What we did see, however, was quarantine camps long after Obama and after Trump when Covid broke out and Biden and Inslee created ghettos by requiring proof of vaccination in order to get into public work places and public events. The Left was all for that social isolation. And the conspiracy people missed seeing it coming by a mile. They all caught on that it WAS happening as it happened, just like the rest of us.

Bringing it back to the big boys

So, we come to where in the past couple of weeks we’ve seen the billionaire owners of The Times and The Post making executives decisions to steer their publications back to a more influential center because that is the only position from which you can hope to influence anyone who doesn’t already believe as you do. The alternative is to stay with preaching to the choir forever and having a stunted audience compared to what they could have had if they had never limited themselves to only being of interest to liberals.

Of course, now they are facing a hot liberal backlash for daring to move their own publication more to the center, as the center has become intolerable for both staunch conservatives and liberals.

One publication this week got it without getting it. Semaphore wrote the following:

In the wake of Trump’s victory, some media critics have returned to self-flagellation or blaming their competitors for “missing” Trump’s popularity. But unlike 2016, the news media was not caught off-guard. Major outlets took him seriously as a candidate and dedicated time to covering his policy proposals. Polling analysts emphasized how his voters could (once again) be undercounted in their surveys, and those voters (once again) outperformed polling, but the forecast models still showed Trump likely to win the election.

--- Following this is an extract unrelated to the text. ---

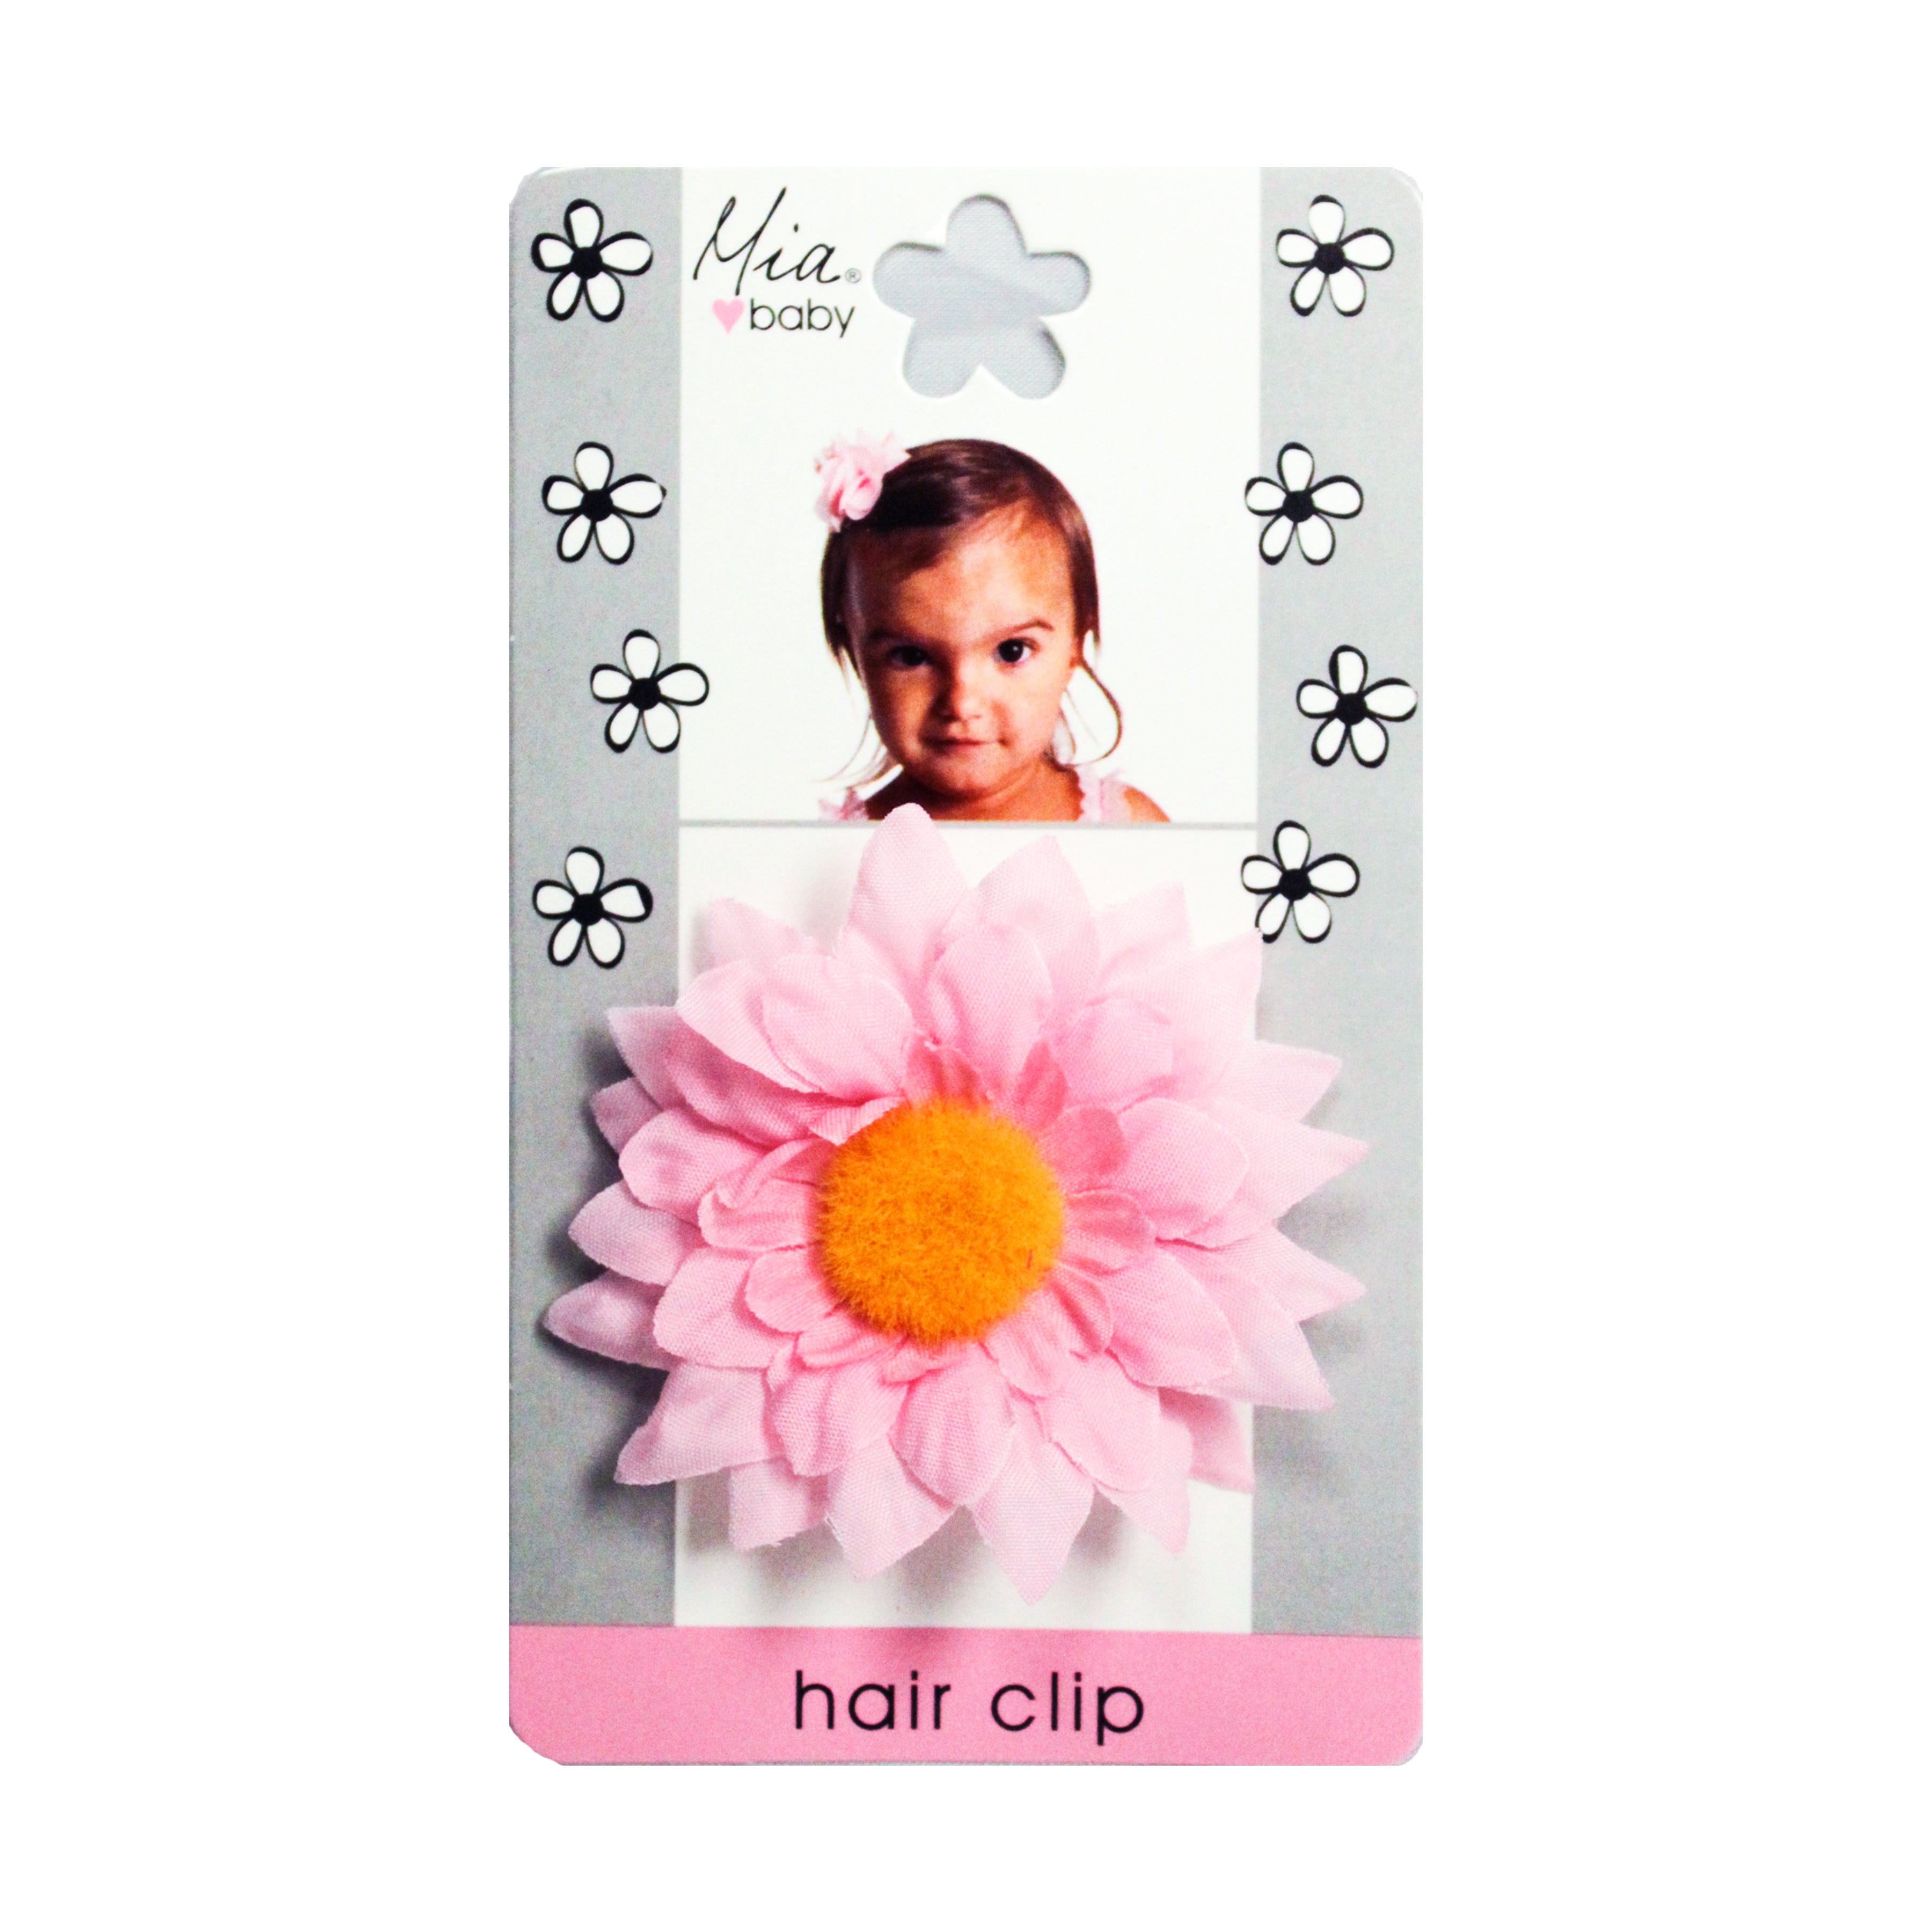 Mia® Baby Daisy Flower Barrette - light pink color - by #MiaKaminski #Mia #MiaBeauty #beauty #hair #HairAccessories #baby #girlhairaccessories #hairclips #hairbarrettes #barrette #lovethis #love #life #woman

I completely disagree. Sure they gave some honorable mention to how the stats could be wrong and Trump could win by the margin of error, but they constantly pounded the message with their headlines every single day that Kamala was screaming into the lead—almost always and almost like it was last-minute miracle. I had to read deep into the story to find that her new “lead” was smaller than the poll’s margin of error, which really meant it was meaningless. So, I didn’t carry most of those stories, just a few as a sampling.

If the mainstream media had done the good job of digging into all of that, the liberal-sphere would not have been so shocked at Trump’s landslide win. I will, however, agree with them on the part that reality forces them to admit (but just the last line of the following):

Trump’s victory isn’t a result of a failure by news outlets to sufficiently hold him accountable. The real answer is one that is a lot more uncomfortable to grapple with: The national news media is more limited in its reach and influence than ever in the modern era.

On that last bit, we can agree.

Well, and on the next bit, too, (but only with the italicized emphasis I added):

For the third presidential contest in a row, the legacy news media — represented by newspapers, television networks, magazines, and cable news networks — spent months publishing and airing neutral to overwhelmingly negative news coverage of the former president. And for the second of those three instances, a majority of American voters largely ignored the implicit and explicit warnings of that coverage — if they saw it at all — and voted Trump into office.

With individual pitches, such as Rogan has, it is hardly surprising that journalists like Chris Wallace are leaving CNN to start their own niche.